# What frame for rohloff?



## aBicycle (Jun 13, 2012)

I have a cross check, but is it really the frame for a Rohloff? It doesn't have a dedicated mount for it like the ogre and troll. But the ogre and troll would be a bit slow on the open road.

And I hate derailleurs. I just realized this with 10 speed. So this is what I'm looking for now.


----------



## Fatsinglespeeder (Jan 24, 2013)

Fitting a Rohloff to a Cross Check can be done but it would be a bit clumsy because you would have to use the Rohloff torque arm. I have a Moonlander with a Rohloff and I'm currently building a Troll with a Rohloff as a touring bike. I'd say, if you can afford it, get a frame that can take a Rohloff without that ugly torque arm. One can never have enough bikes, right?


----------



## rifraf (Dec 22, 2012)

aBicycle said:


> I have a cross check, but is it really the frame for a Rohloff? It doesn't have a dedicated mount for it like the ogre and troll. But the ogre and troll would be a bit slow on the open road.
> 
> And I hate derailleurs. I just realized this with 10 speed. So this is what I'm looking for now.


My suggestion would be to build your dream wheels first. See how you like them in your Cross Check and then determine whether you need the expense of a new bike.
I'm currently building some 29" wheels with Son28 Disk and Rohloff Disk.
I'm using Sapim CX-Rays with Velocity Dyad rims. They are wheels I've wanted to build for a long time. I am putting them into a Surly Ogre frame but if I wasnt making my wheels my priority, I'd probably be buying a Co-motion Rohloff Divide.
If your an on-road rider then pointless putting up with the weight of an off road bike (IMHO only). Saying that I believe the Ogre is a very versatile frame, which is why I bought one. It appears to be the closest I can find for "one bike to rule them all".
I've only accommodation for one bike so need something that can do everything well enough to satisfy. I believe the Ogre whilst not great at anything, is good enough at everything.


----------



## aBicycle (Jun 13, 2012)

How do the ogre handle racks and panniers?

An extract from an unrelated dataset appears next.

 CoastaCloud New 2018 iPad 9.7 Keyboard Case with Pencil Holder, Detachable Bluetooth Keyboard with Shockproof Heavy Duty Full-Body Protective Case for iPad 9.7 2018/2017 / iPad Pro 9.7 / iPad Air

And my roads aren't exactly roads much of the time. A lot of my riding would probably be on terrain very similar to that of cross country or cyclocross.

More dirt and caliche and that sort of thing.

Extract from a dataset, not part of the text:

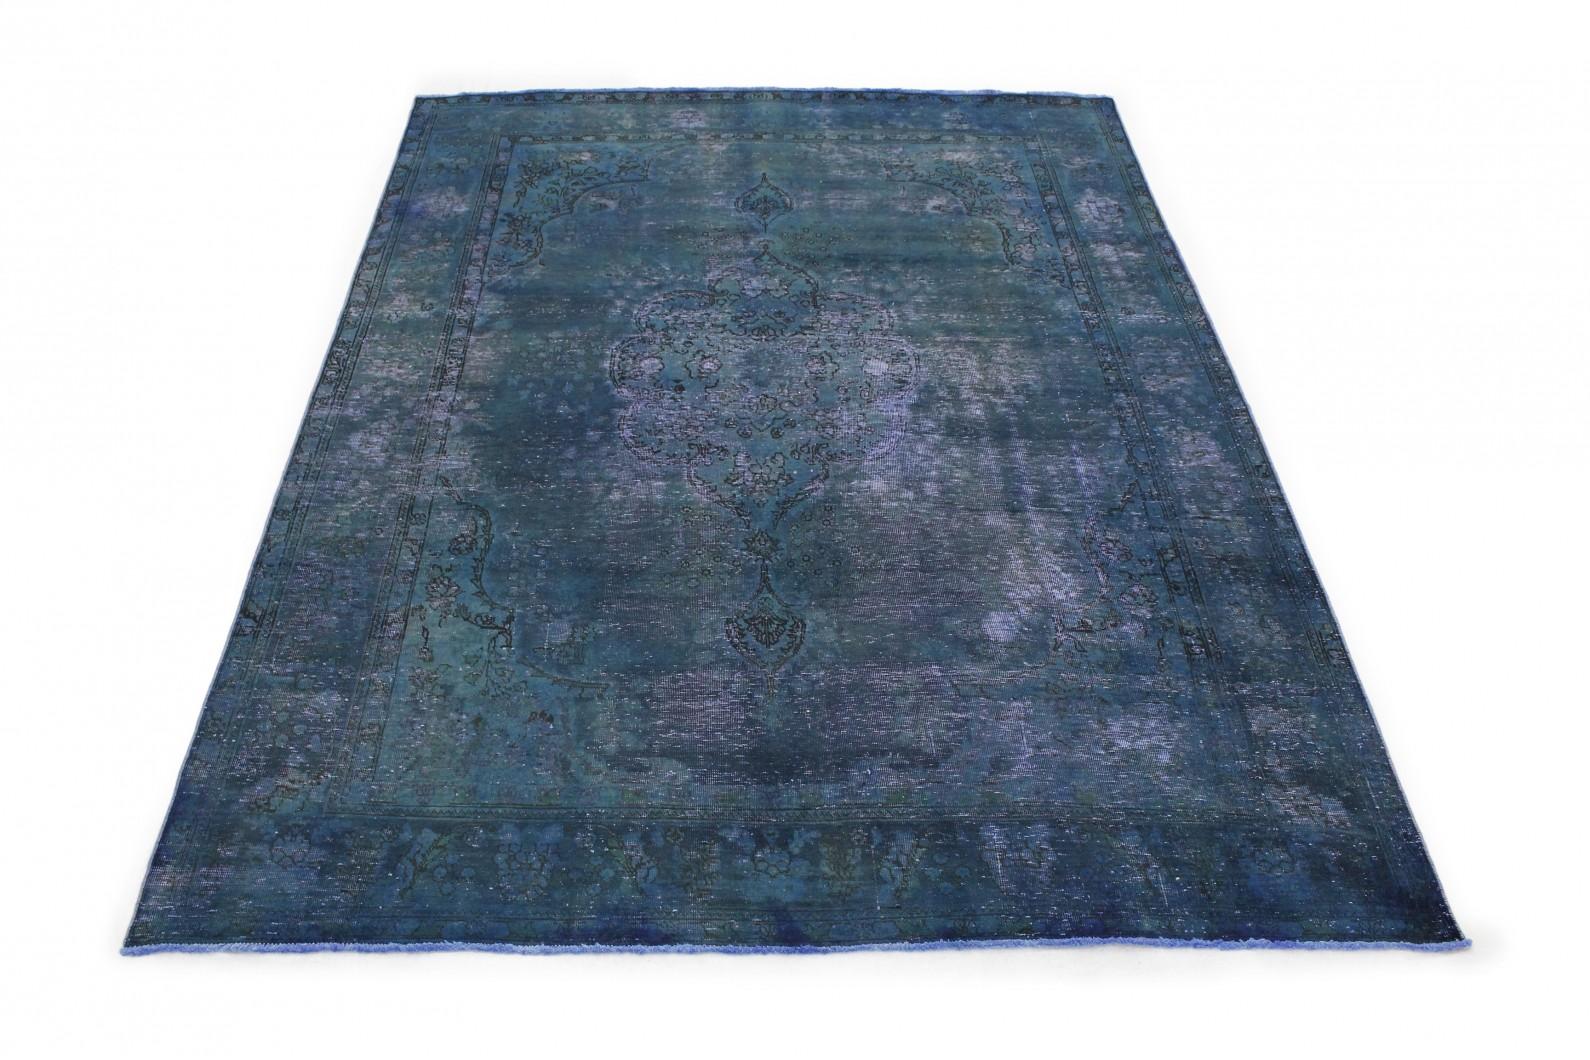 vintage teppich blau in 340x250 1001 177251 bei. Black Bedroom Furniture Sets. Home Design Ideas

It's bad enough that I'm reconsidering my stance on suspension forks. I could really use one of those and some tires that will go well on road, but will also grip in loose gravel/caliche.

About the geometry of the ogre. Could I pretty much get into the same position as I am on the cross check if I used a not set back seat post and kept the saddle a bit forward? There's only 1 degree of different in the seat tube angles. I'd be going with flat bars and would want them a few inches below the saddle.

I wonder if they make suspension forks for touring....


----------



## aBicycle (Jun 13, 2012)

I wonder, should it be an ogre or a troll? I would like fatter tires that also present less resistance to acceleration like the 26" ers of the troll would provide, but would the 29er's be better for smoothing over rough lumpy terrain?


----------



## Fatsinglespeeder (Jan 24, 2013)

aBicycle said:


> would the 29er's be better for smoothing over rough lumpy terrain?


Yes, that's what the proponents for 29ers say, but you pay for it with a little higher weight which you might not want on a touring bike because you carry enough weight already. Another consideration is that if you travel to far away places then it will be far easier to find a 26" replacement tyre tyre than a 29er.



aBicycle said:


> How do the ogre handle racks and panniers?


Fine, it's a strong frame that can stand up to the demands of loaded touring.



aBicycle said:


> I wonder if they make suspension forks for touring....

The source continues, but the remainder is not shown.